“This is the Pretty Mediocre Timeline”- Community Season 4 Episode 10 Review- ‘Intro to Knots’
This review contains spoilers because it is a review.
For something that contained as many references to Tom Waits and Die Hard as this episode did, I anticipated liking it more. Seeing as there’s a pretty decent chance that this is the last Christmas episode the show will ever do and that Community has pretty much nailed holidays up until this point, I suppose I just wanted to like it more.
That being said, this episode isn’t BAD by any stretch of the imagination. Its middle section is actually quite well-written (by long-time Community vet Andy Bobrow), although the first and third acts and whatever the hell that tag was really left something to be desired. I didn’t know this was an homage to Alfred Hitchcock’s Rope, mostly because I’ve never seen Rope.
The first act takes forever to get going. I don’t want to totally abscond with the idea of a “slow burn,” but this is like a stick of dynamite with a fuse that takes seven minutes to go off. And the dynamite is more of a wet firecracker. And the fuse is a tracking shot.
[For the knowledge of all those out there, tracking shots are to me as porn is to lonely men. I loooooove them. My only issue was that while being incredibly impressive technically, it really fell down in the laughs department. And in the anything else department.]
While we’re here, I’d just like to bring up the obvious of how grating the Jeff and Annie dynamic has become. This felt a lot like her storyline in the Spacetime episode, which is still the only episode this season I have assuredly not liked. At this point, the two of them are just dating. Jeff helps her put up homey decorations. She brings over homey decorations. As my friend April would say, “You two should just do it.”
Abed’s earnestness regarding an elaborate Die Hard homage was admirable, and not something I haven’t done myself. However, I’m very glad the show didn’t go in that direction. The throw-away jokes were enough for me. Also, any references to Die Hard would kind of be a retread, as Season 1’s “Modern Warfare” hit on most of the movie’s high-points already.
It’s only when Malcolm McDowell shows up that the episode really starts moving. This is great news since up until this point McDowell (who seems to be game for about anything) was in real danger of falling the same hard fall as a lot of Community’s returning guest stars of being underutilized and poorly scripted, a la John Goodman back in Season 3.
However, I really like the control McDowell’s Cornwallis took of the whole of Act 2, reminiscent of the best TV hostages (my personal favorites being Krazy 8 and Henry Gale). He got the A material in a B- episode, and those of you just waiting for the final grade at the end can stop reading now. Despite doing nothing in his first appearance earlier this season, McDowell will probably go out higher than Professor Kane on the Greendale hierarchy. His ploy was a tad bit obvious, but it also kept the tension rather ratcheted.

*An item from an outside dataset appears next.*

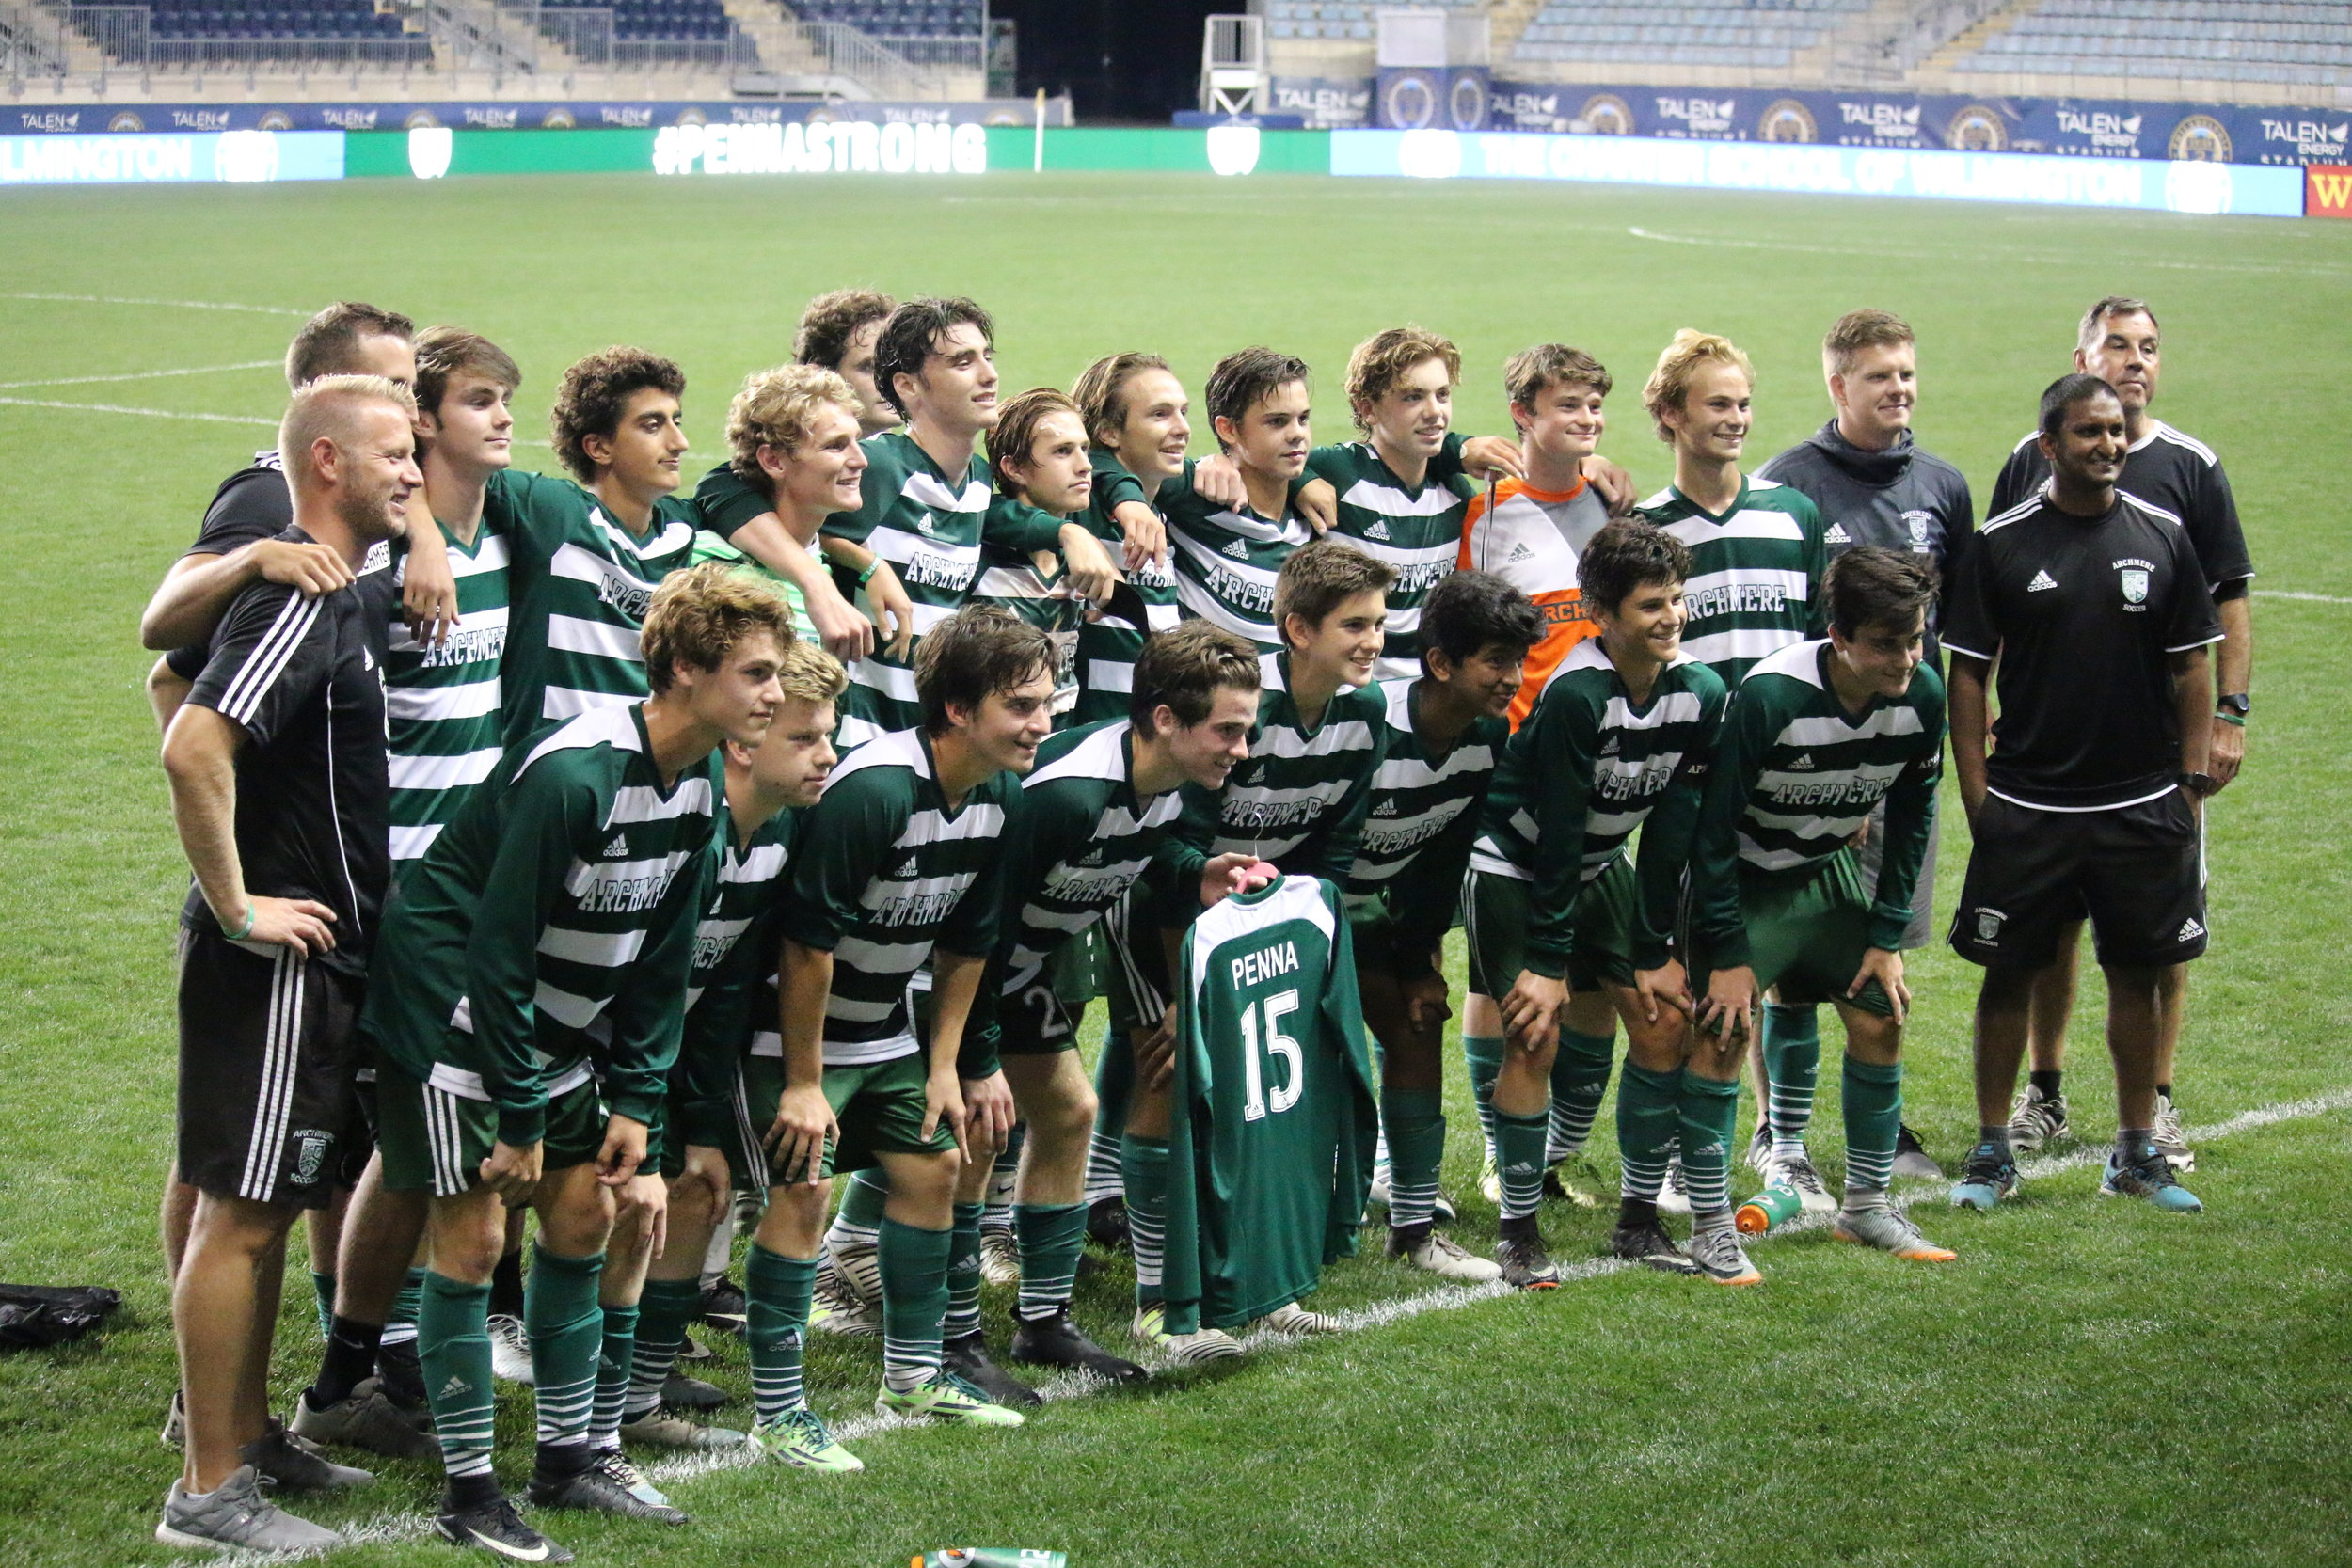 Archmere Varsity Soccer Team at Talen Energy Stadium
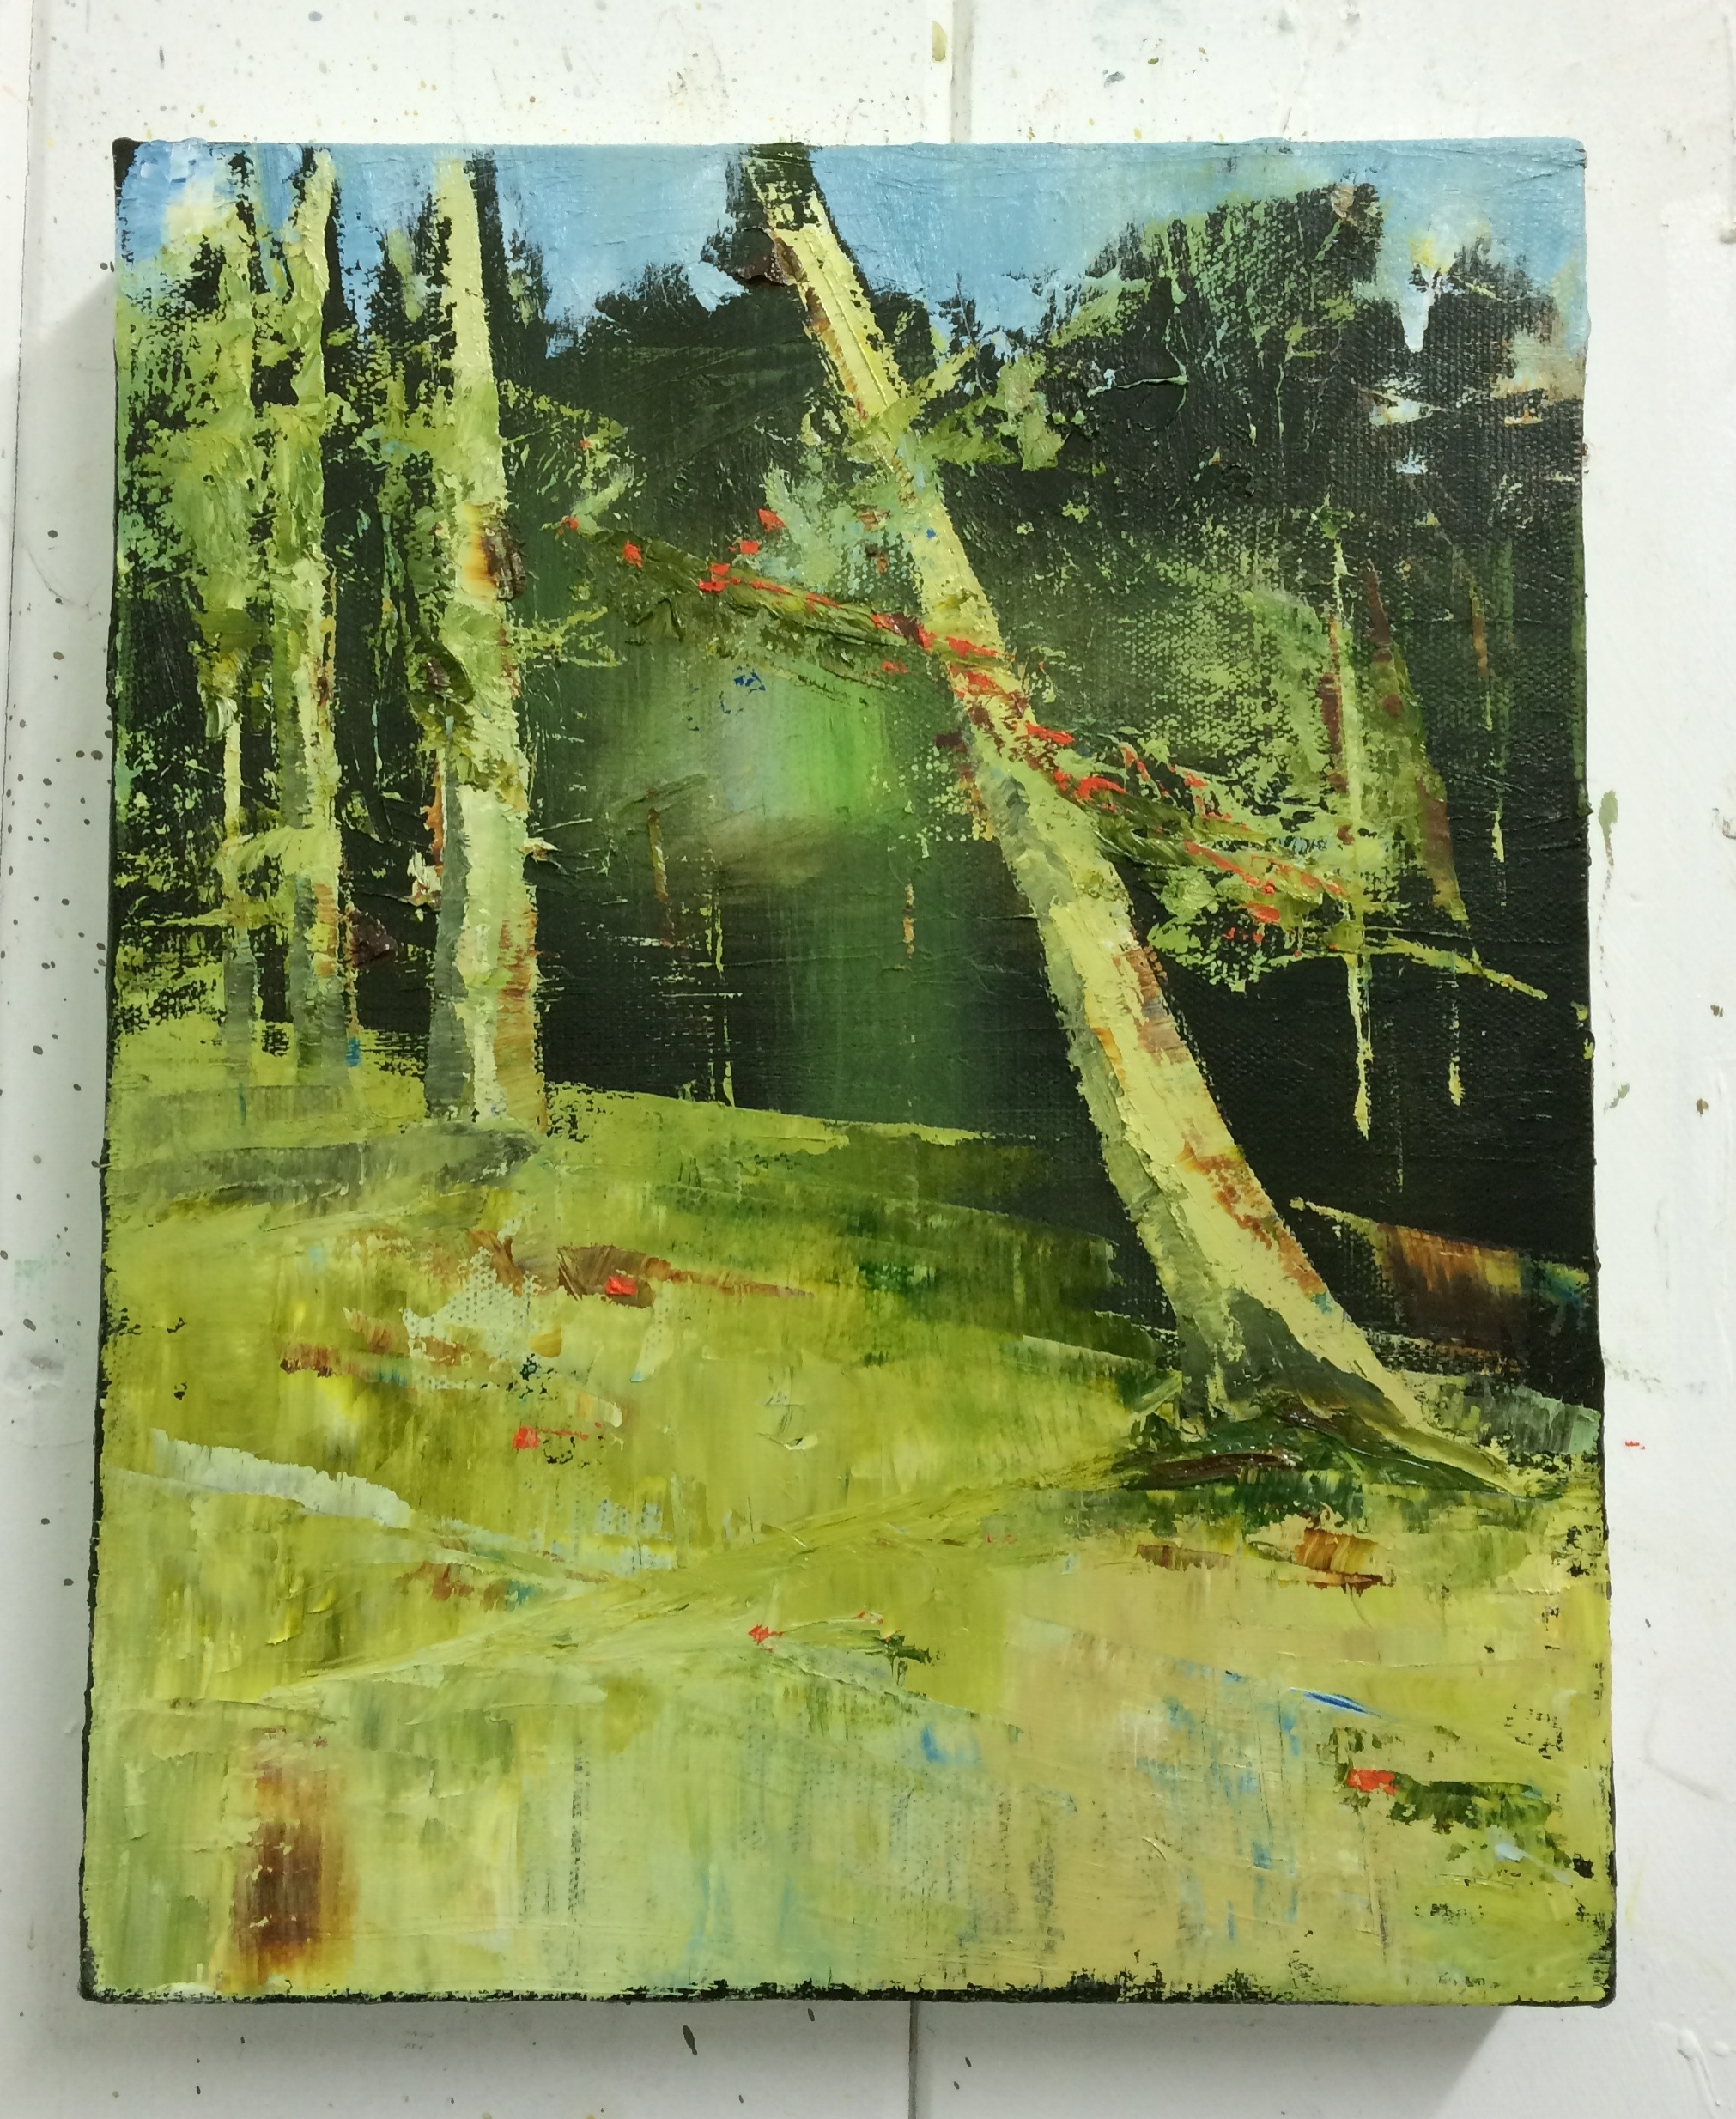 Lorraine Bewick - Glade  2016 30cm x 24cm Oil on Canvas

But the way he got out of his chair was stupid. The reveal that someone had let him out was my favorite moment of the whole episode. I really wanted to know whodunit. And then it turns out that Chang is pretending that he can’t tie knots. That really defeats the whole thing tension of the episode, and even the idea established back in “Cooperative Calligraphy” that the group could withstand any kind of betrayal.
Why not just make it one of the Group that set him free? That’s interesting. They were doing so much right by the time we got that reveal. They even found something for Shirley to do that wasn’t Jesus or pie, and at this point that’s a damn miracle straight from Jesus Pie.
In episode, it makes sense. It was Chang orchestrating the whole shenaniganza and so why tie Cornwallis up for real? I get that. But I also think that no matter how much sense it makes, it was kind of dumb. And it’s so, so strange that the writers are still relying so hard on Changnesia jokes after we established four episodes ago that it was all a hoax.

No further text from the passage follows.